[Records for the task]
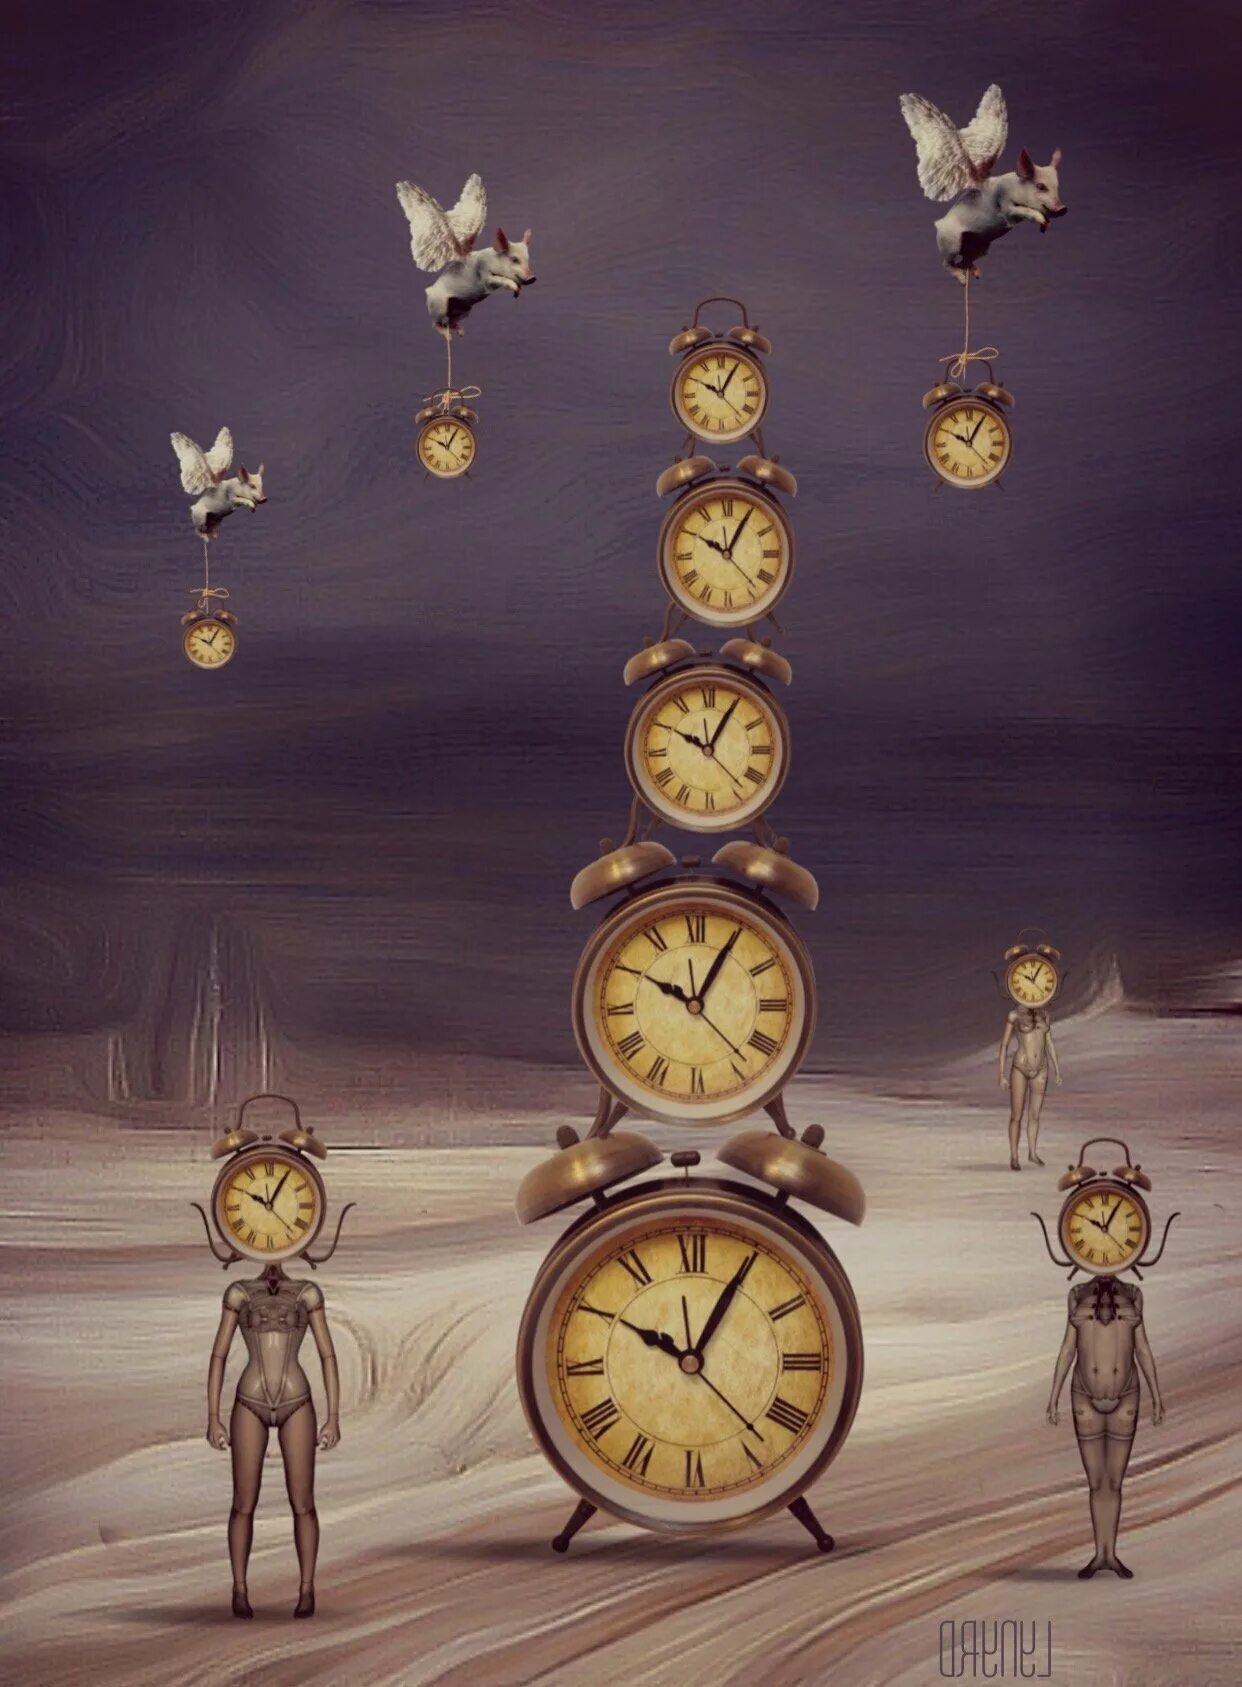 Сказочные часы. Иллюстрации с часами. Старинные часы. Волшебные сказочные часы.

* * *

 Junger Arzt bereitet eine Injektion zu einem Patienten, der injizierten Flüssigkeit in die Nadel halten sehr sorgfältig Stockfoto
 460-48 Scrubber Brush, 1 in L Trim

* * *

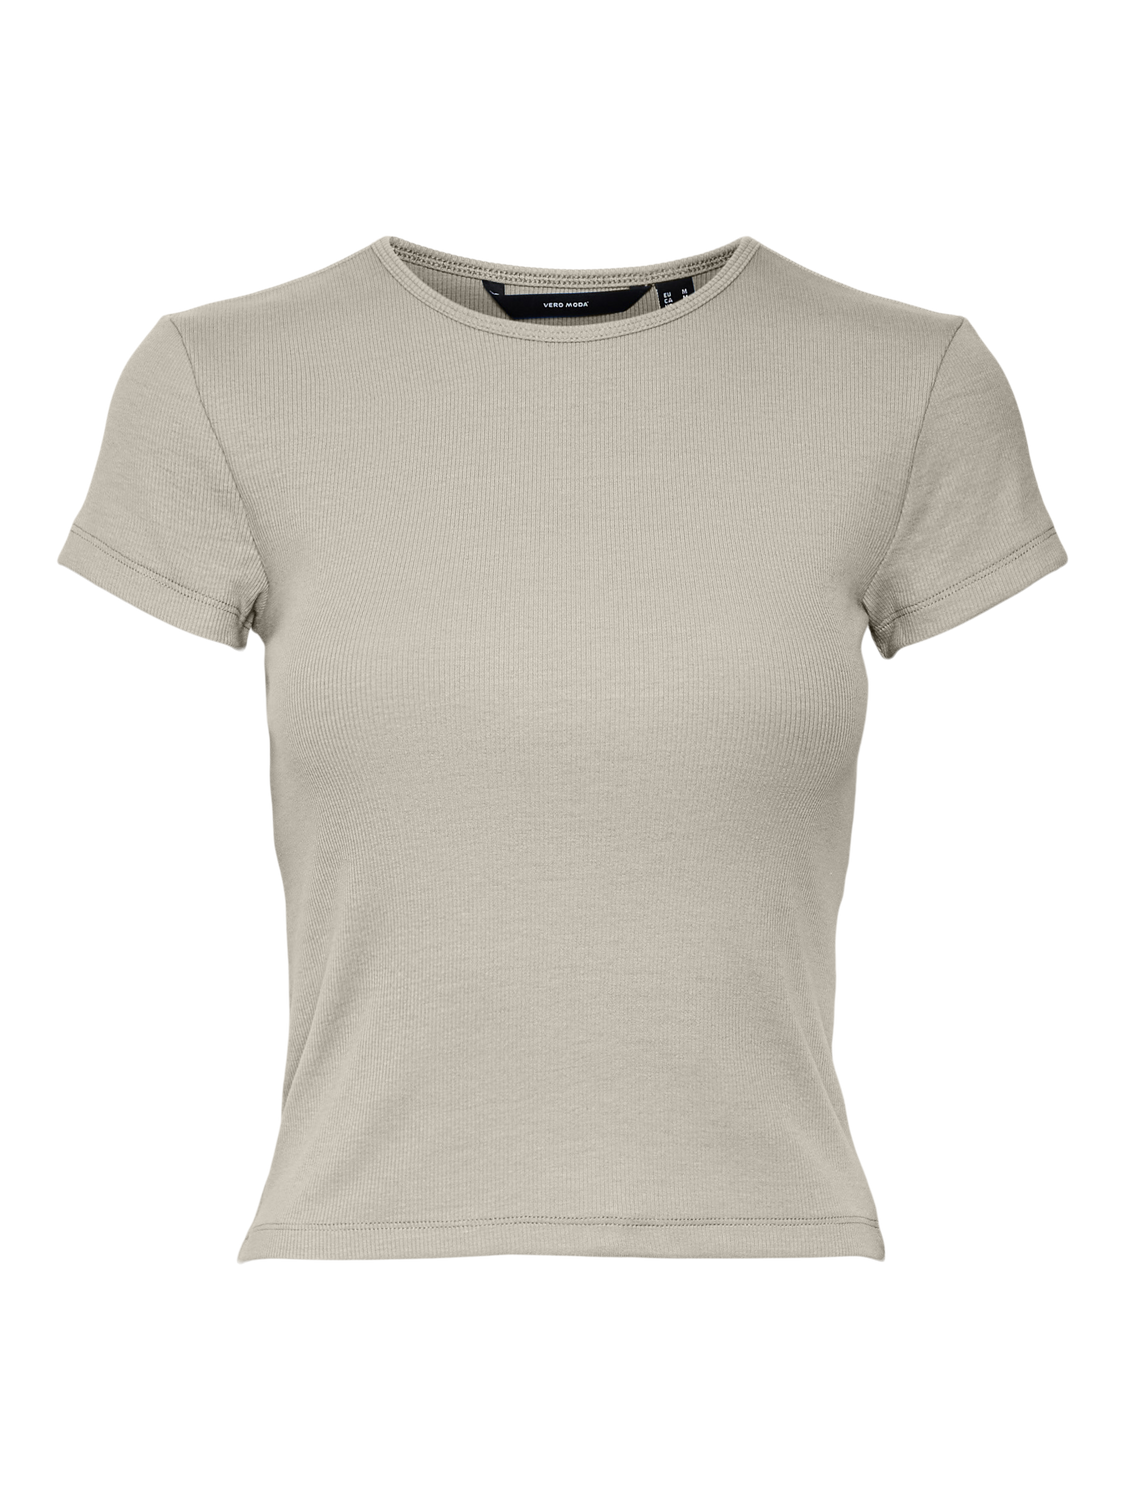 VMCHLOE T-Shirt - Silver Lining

[What needs to be done]
Copy out, word for word, the part of the entries above that begins at the line with "Junger Arzt bereitet" and ends at the line with "460-48 Scrubber Brush, 1 in L Trim", including both.

[Result of the exercise]
 Junger Arzt bereitet eine Injektion zu einem Patienten, der injizierten Flüssigkeit in die Nadel halten sehr sorgfältig Stockfoto
 460-48 Scrubber Brush, 1 in L Trim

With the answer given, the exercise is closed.